The user can also request confidence data via the --compute_confidence_data option. To compute confidence data, the scorer produces 1000 alternative score sets. Each score set is created by making M random selections of file scores from the core set of M file scores. (This procedure will naturally have multiple copies of some documents and no copies of others in each score set, which is the source of the variation for this computation.) The scorer then computes the overall metrics for each alternative score set, and computes the mean and variance over the 1000 instances of each of the precision, recall, and fmeasure metrics. This "sampling with replacement" yields a more stable mean and variance. This procedure adds three columns (mean, variance and standard deviation) to the spreadsheet for each of the metrics; these columns appear immediately to the right of the column for the metric.

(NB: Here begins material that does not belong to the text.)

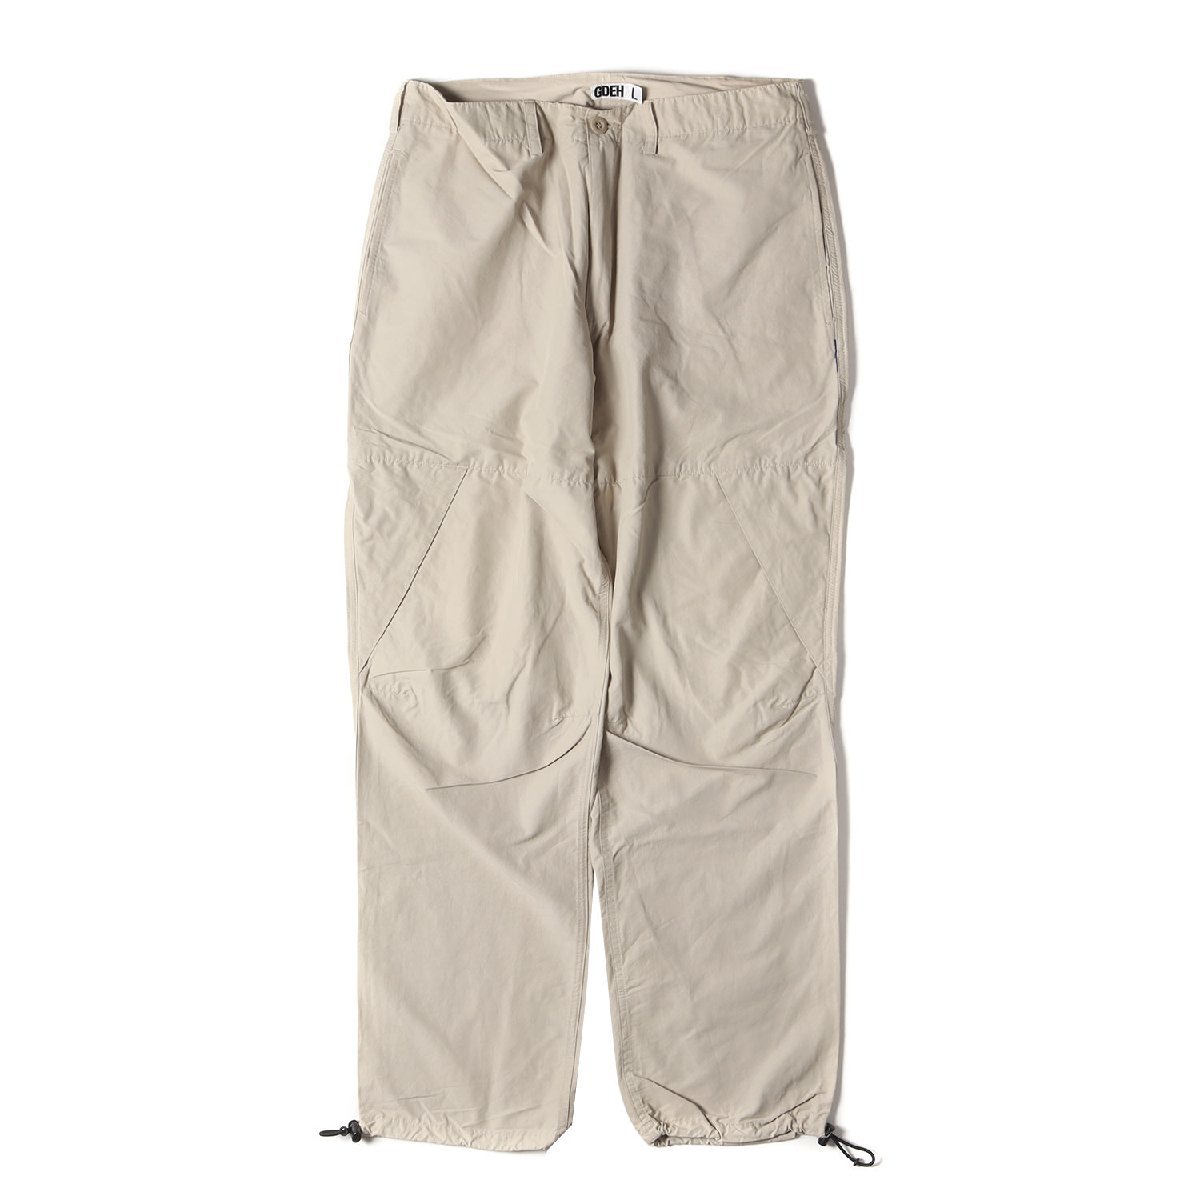 GOOD ENOUGH グッドイナフ パンツ サイズ:L 00s 60/40クロス ベンチレーション パンツ ベージュ ボトムス ズボン ストリート ブランド
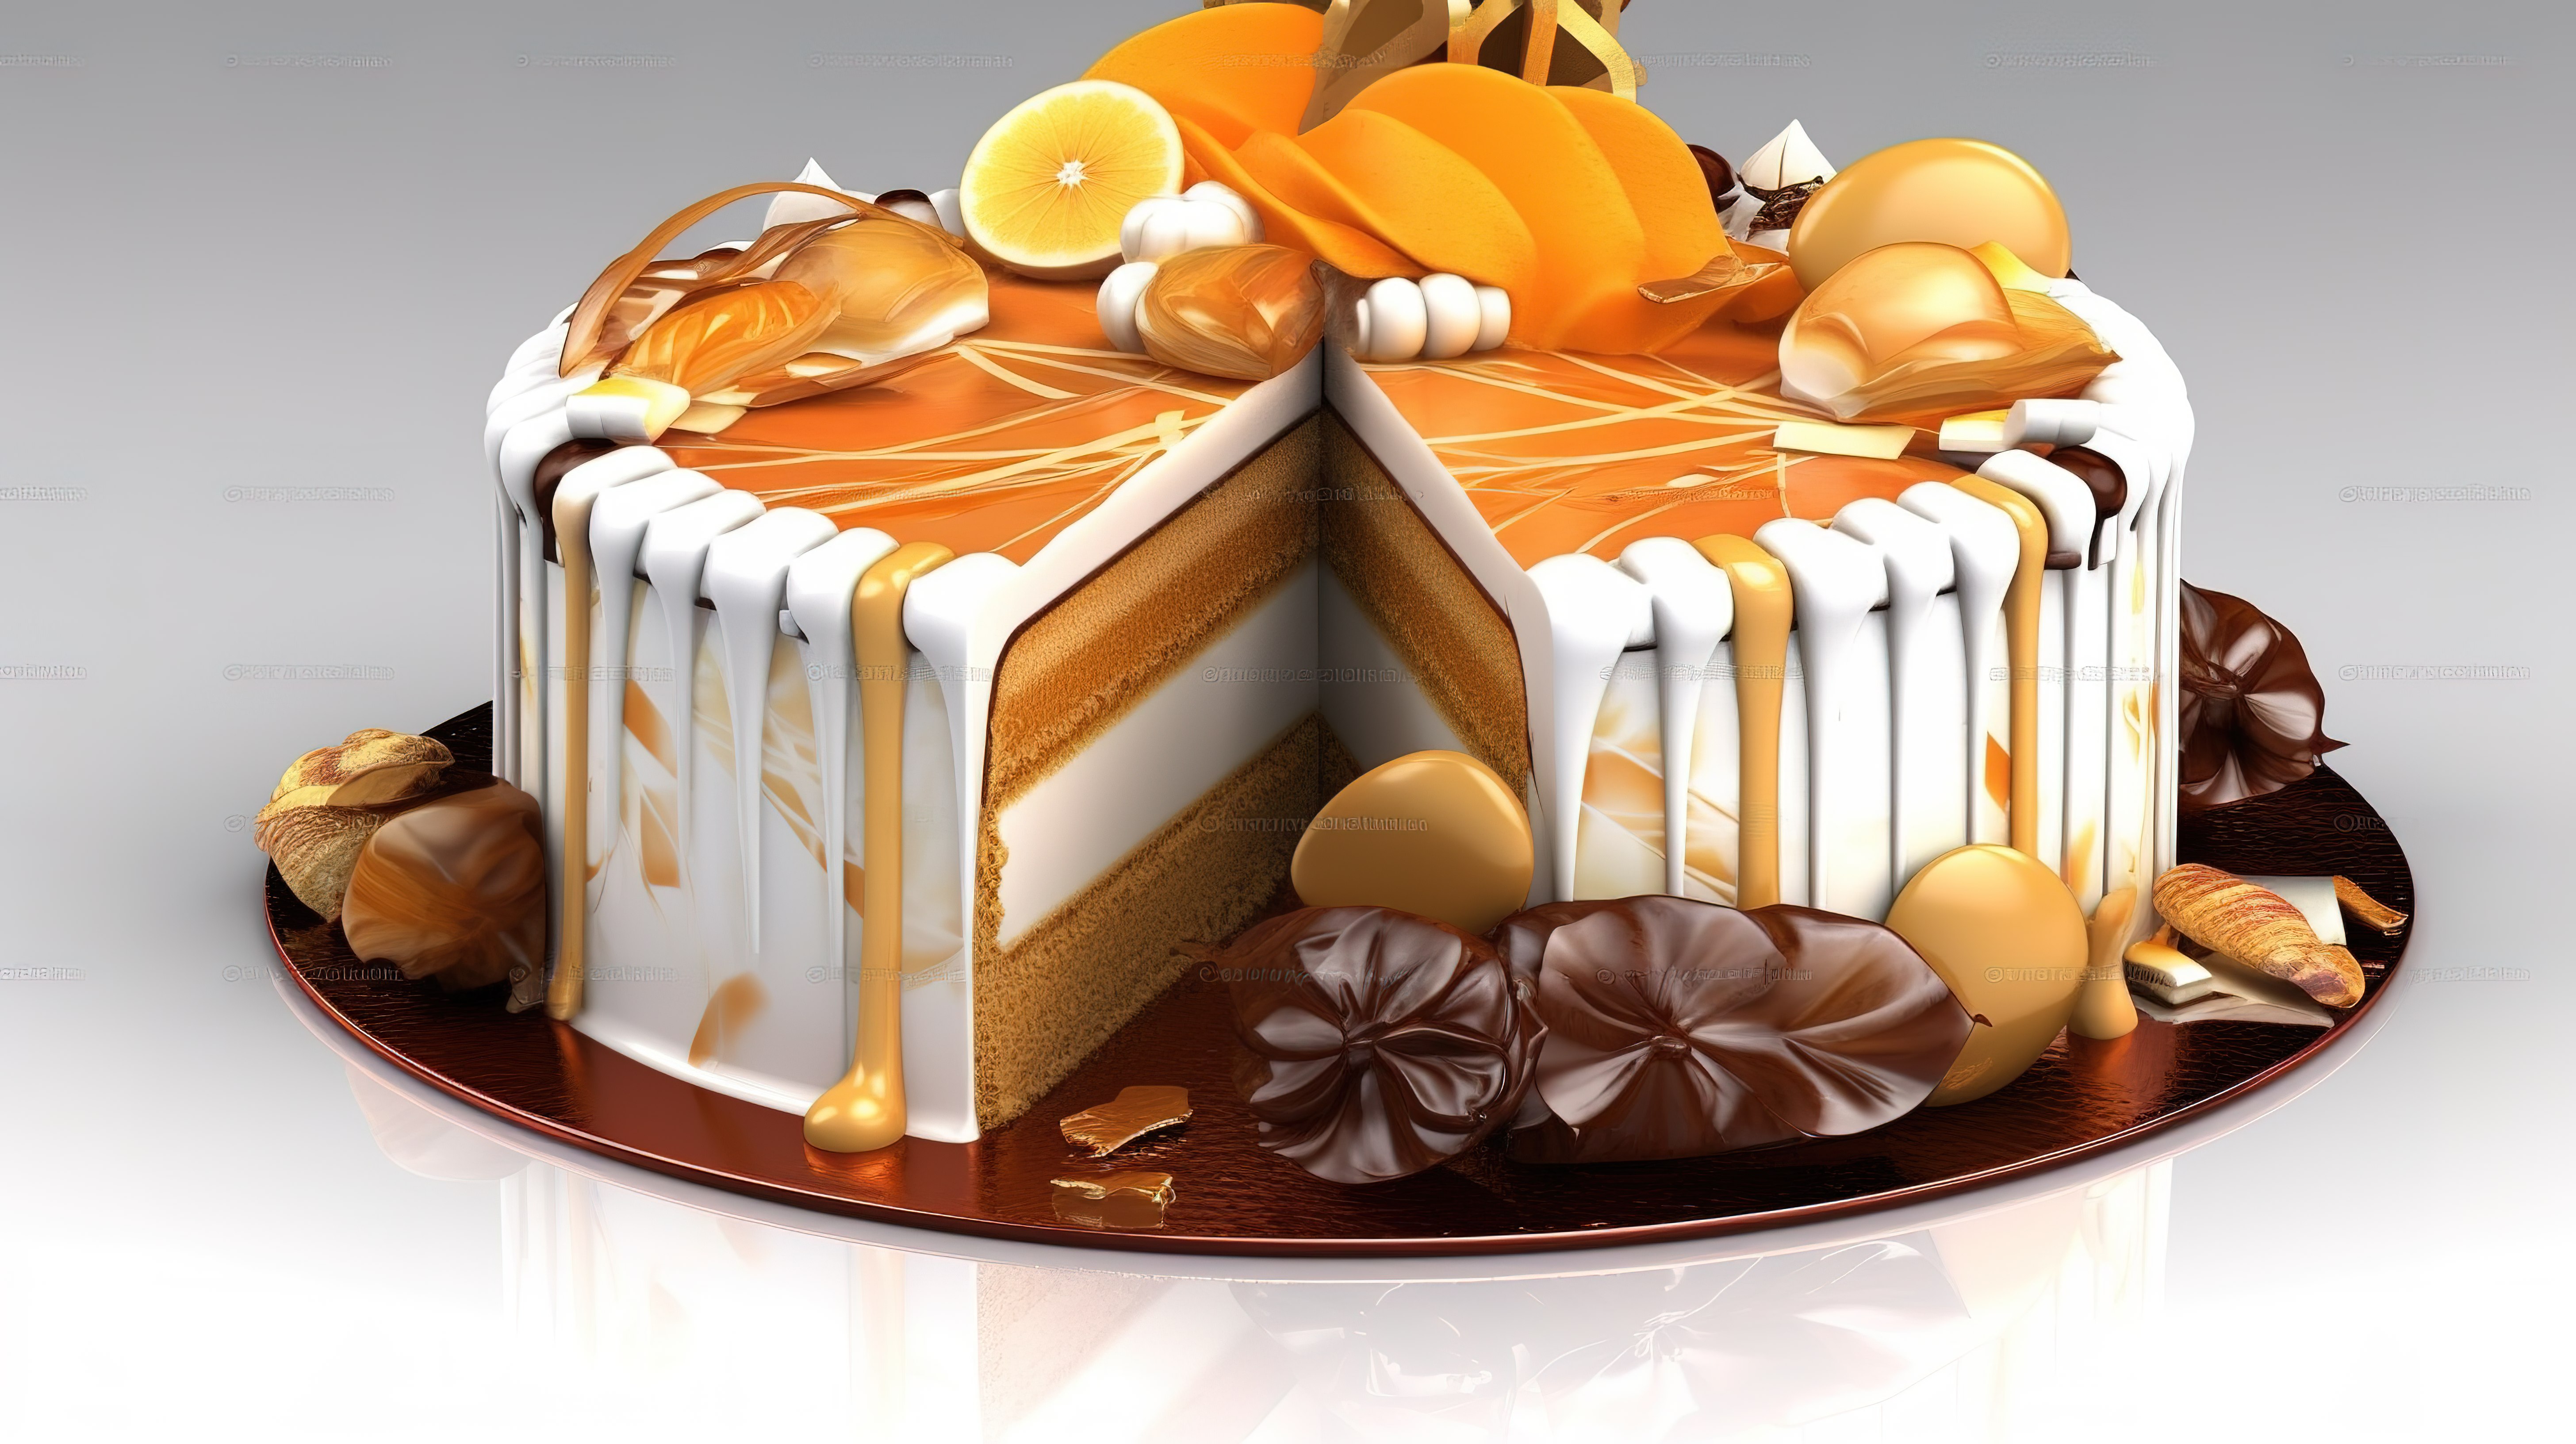 令人惊叹的 3D 蛋糕设计非常适合邀请卡演示和横幅图片

The tag-level scores, unlike the other three scores, admin span
variation. You may optionally obtain a detailed breakdown of the
tag level errors using the --tag_span_details option. This option
inserts the following columns before the refclash and hypclash
columns:
reftagclash |
The number of span
annotations which bear this tag in the reference document
whose span matches an annotation in the hypothesis which has
a different tag. Annotation pairs which trigger this column
also trigger the corresponding hyptagclash column for the
corresponding hypothesis tag. |
refovermark |
The number of span
annotations in the reference whose span completely covers
(but does not match) an annotation in the hypothesis which
has the same tag. Annotation pairs which trigger this column
also trigger the corresponding hypundermark column for the
same tag. |
refundermark |
The number of span annotations in the reference whose span is completely covered by (but does not match) an annotation in the hypothesis which has the same tag. Annotation pairs which trigger this column also trigger the corresponding hypovermark column for the same tag. |
refoverlap |
The number of span
annotations in the reference whose span overlaps an
annotation in the hypothesis which has the same tag, but
does not qualify for refovermark or refundermark. Annotation
pairs which trigger this column also trigger the
corresponding hypoverlap column for the same tag. |
reftagplusovermark |
The number of span annotations in the reference whose span completely covers (but does not match) an annotation in the hypothesis which has a different tag. Annotation pairs which trigger this column also trigger the corresponding hyptagplusundermark column for the corresponding hypothesis tag. |
reftagplusundermark |
The number of span annotations in the reference whose span is completely covered by (but does not match) an annotation in the hypothesis which has a different tag. Annotation pairs which trigger this column also trigger the corresponding hyptagplusovermark column for the corresponding hypothesis tag. |
reftagplusoverlap |
The number of span annotations in the reference whose span overlaps an annotation in the hypothesis which has a different tag, but does not qualify for reftagplusovermark or reftagplusundermark. Annotation pairs which trigger this column also trigger the corresponding hyptagplusoverlap column for the corresponding hypothesis tag. |
refclash is the sum of these seven columns.
hyptagclash |
The number of span annotations which bear this tag in the hypothesis document whose span matches an annotation in the reference which has a different tag. Annotation pairs which trigger this column also trigger the corresponding reftagclash column for the corresponding reference tag. |
hypovermark |
The number of span annotations in the hypothesis whose span completely covers (but does not match) an annotation in the reference which has the same tag. Annotation pairs which trigger this column also trigger the corresponding refundermark column for the same tag. |
hypundermark |
The number of span annotations in the hypothesis whose span is completely covered by (but does not match) an annotation in the reference which has the same tag. Annotation pairs which trigger this column also trigger the corresponding refovermark column for the same tag. |
hypoverlap |
The number of span annotations in the hypothesis whose span overlaps an annotation in the reference which has the same tag, but does not qualify for hypovermark or hypundermark. Annotation pairs which trigger this column also trigger the corresponding refoverlap column for the same tag. |
hyptagplusovermark |
The number of span annotations in the hypothesis whose span completely covers (but does not match) an annotation in the reference which has a different tag. Annotation pairs which trigger this column also trigger the corresponding reftagplusundermark column for the corresponding reference tag. |
hyptagplusundermark |
The number of span annotations in the hypothesis whose span is completely covered by (but does not match) an annotation in the reference which has a different tag. Annotation pairs which trigger this column also trigger the corresponding reftagplusovermark column for the corresponding reference tag. |
hyptagplusoverlap |
he number of span annotations in the hypothesis whose span overlaps an annotation in the reference which has a different tag, but does not qualify for hyptagplusovermark or hyptagplusundermark. Annotation pairs which trigger this column also trigger the corresponding reftagplusoverlap column for the corresponding reference tag. |
hypclash is the sum of these seven columns.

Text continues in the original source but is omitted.